Of course, as audiophiles we always enjoy rich and deep bass, and headphone makers usually try to add more bass to their headphones. As I and other people have found while comparing “raw” stereo sound to the sound of the binaural rendering, the latter was lacking bass noticeably. That seemed strange to me, considering that I have a good subwoofer and I never feel the lack of bass when listening to my LXdesktop setup.

Trying just to boost up the bass of the binaural renderer’s output led to excessive on the head vibration of headphone drivers which was ruining the externalization effect. This needs to be done in some other way, I decided.

After reading a bit more about the implementation of the BinauralDecoder, I noted that it uses the MagLS approach for interpolating between sampling points of measured HRTFs. This approach is intended to minimize the amplitude differences only. Although the authors say that this approach is only used starting at 2 kHz which may imply that interaural time differences are preserved for the frequencies below, I decided to check what will happen if I actually add them.

Since I have separate signal paths for the left and right ear, I decided to employ my “almost linear phase” ITD filters, and I was not disappointed—the sense of a good deep bass has returned back to my binaural renderer! It’s interesting that these filters have flat amplitude, they do not boost the energy of the bass at all. Yet, somehow adding a correct shift in phase between the ipsi- and contra-lateral ear makes the bass sound to be perceived as stronger. While doing A/B switching between filter/no-filter configuration I have realized that maybe this phase shift allows the auditory system to “focus” on the bass and perceive it as coming from a compact source. Whereas mostly in-phase bass creates an impression of some ambient rumbling, and is not perceived to be as strong, even at the same energy level.

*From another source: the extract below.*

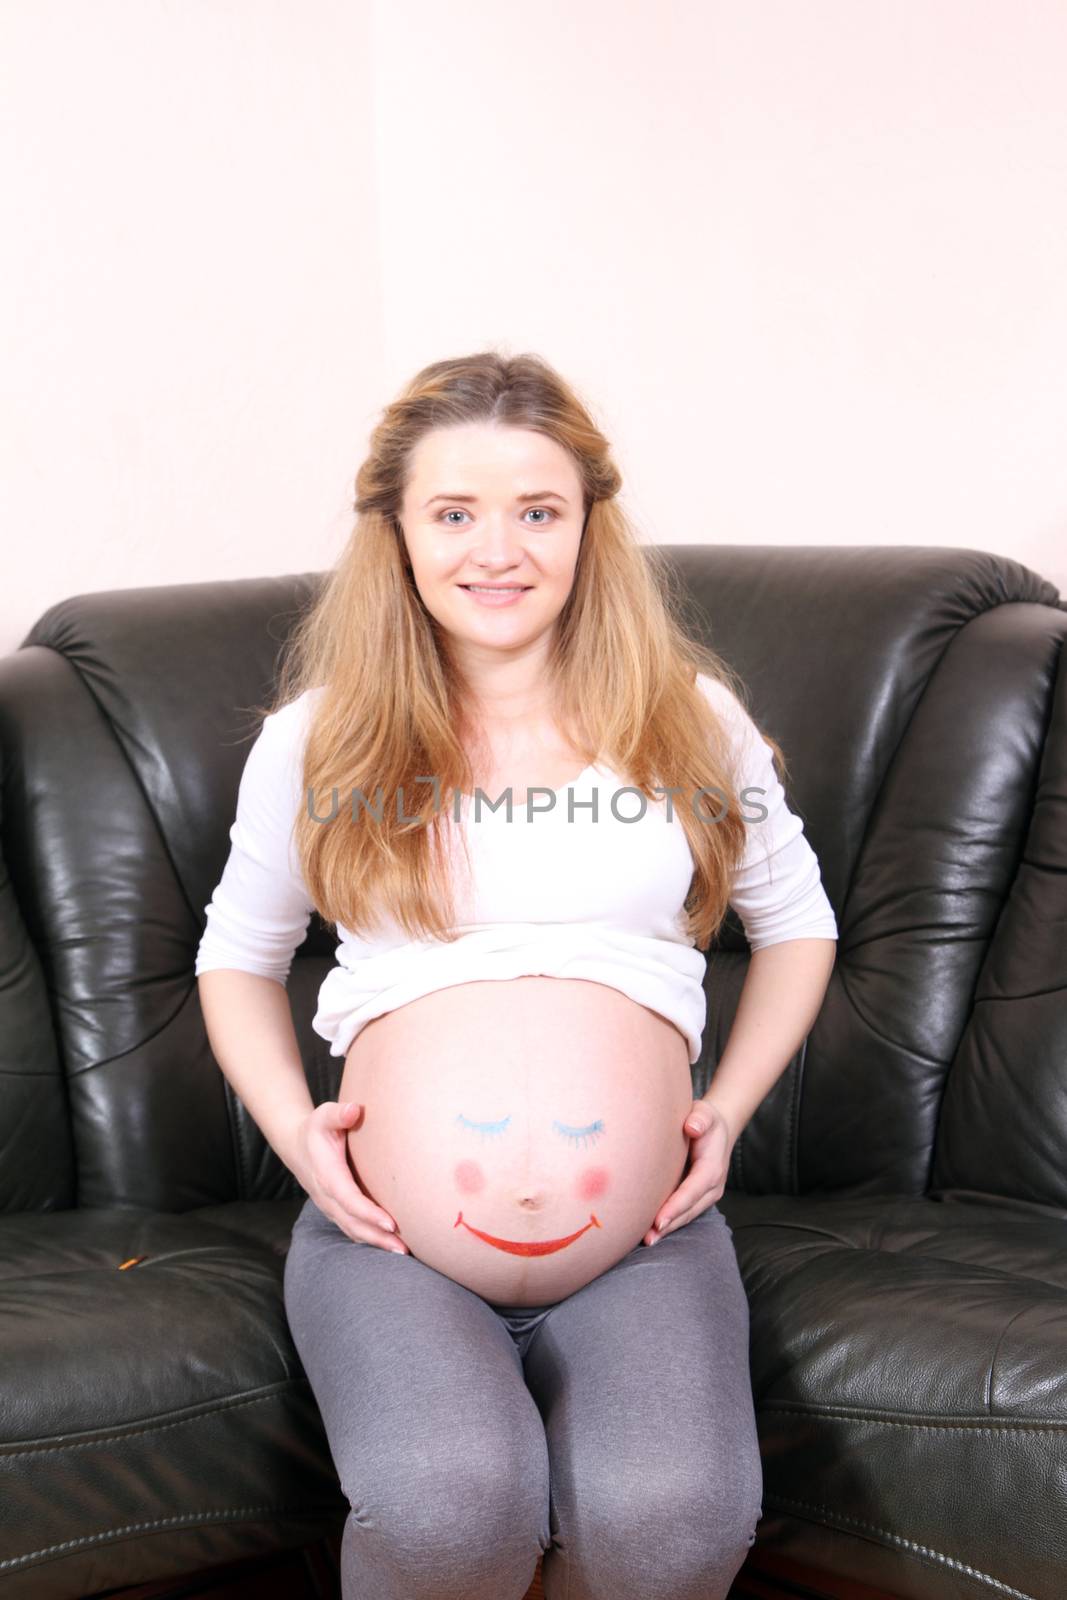 Pregnant woman with a painted face on a stomach sleeper by Irina1977

After some experiments with the cutoff frequency, I have ended up with 500 Hz for the “center” source, 750 Hz for the lateral components, and no ITD filtering for ambience. Raising the cutoff frequency or trying to apply the filter to the ambient component was causing moving of virtual sources closer to the face, and I did not like it.

One technical issue that use of this block creates is addition of latency. Since the filters are symmetric linear phase style, and they need good resolution in the bass region, they create a delay of 170 ms. And since they have to be placed after the BinauralDecoder, this latency affects the head tracking.

Adjusting the Tonality

It’s never easy to tune an audio reproducing system to the ideal tonality (does one even exist?). My binaural renderer is of course not an exception to this rule. The first difficulty in obtaining the right tuning is that there are many uncertainties in how I had captured the speakers and the room, and also how the captured system is rendered using the binaural renderer and the headphones. The second reason is that the perceived tonality changes depending on how the brain perceives the location, the size, and the distance to virtual sources.

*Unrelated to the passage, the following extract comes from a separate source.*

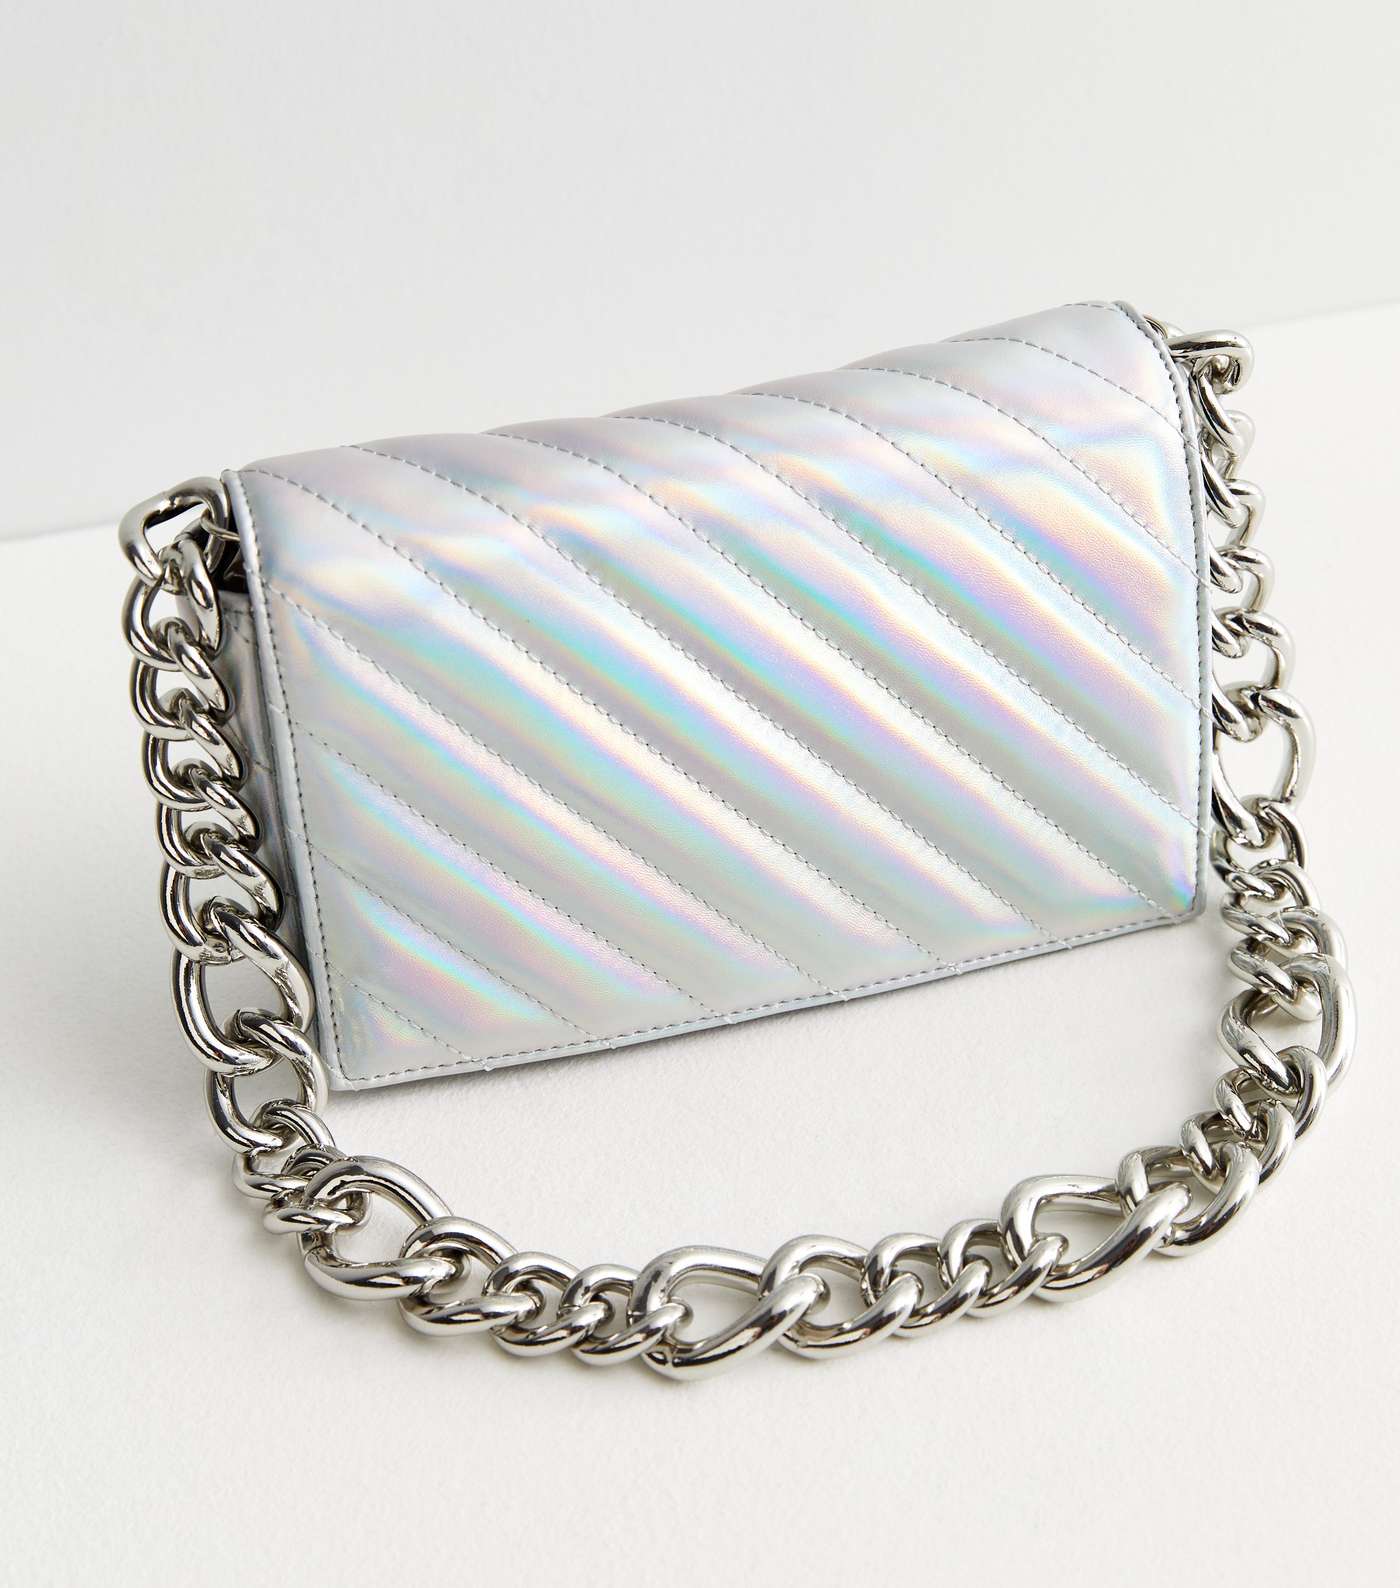 Silver Metallic Quilted Chain Shoulder Bag Image 3

So we don’t know how precise our measurements are, and we need to use our perceptions for tuning as well. However, in order to do that efficiently we would like to be able to make instant comparisons with some reference. One good reference I have found, thanks for Archimago’s post, was the binaural version of the “Touch Yello” album released as a Dolby Atmos remaster in 2025 on a Blu-ray. The binaural version sounded quite good when listening with Sennheiser HD600 so I decided to use the frequency domain measurement of it as a reference for fine-tuning my binaural chain.

The Blu-ray contains both the stereo and the binaural versions, so I was able to measure frequency curves both for the binaural rendering of the stereo version via my chain, and of the original binaural version. Below is the result of comparison of ERB smoothed curves. The FR of the original binaural version is in blue and red, and the FR of my version is orange + light teal:

It can be seen that the official binaural version has somewhat V-shaped (raised both bass and treble, with a dip in the mids) tuning compared to my rendering. My initial plan was to try to match them as closely as possible. However, as I have quickly understood, due to the fact that my rendering sounds as being farther from the listener than the original binaural version, their spectral shapes can’t be just the same. Instead, my approach was to find the regions where there is a significant difference and then try adjusting these bands while listening to the changes in tonality and perception. The goal was to obtain more natural tonality for my rendering and minimize the changes in perceived tonality when switching back and forth between mine and the “official” binaural versions.

In the end my version sounds more spacious and is better externalized, while the original binaural rendering sounds closer to the face and is much “denser”. You can compare the results yourself by using YouTube and Google Drive links below (the Drive version uses AAC at 320 kbps while YouTube transcoded it into Opus 140 kbps). Note that although my rendering is done specifically for Sennheiser HD600, you can anyway use any reasonable headphones to check it. I even used Apple EarPods for some testing! Just one note—if you are listening on modern headphones that support “spatial audio”, make sure you turn it off and just use the plain stereo mode:

(Of course, these are provided for educational or personal use only).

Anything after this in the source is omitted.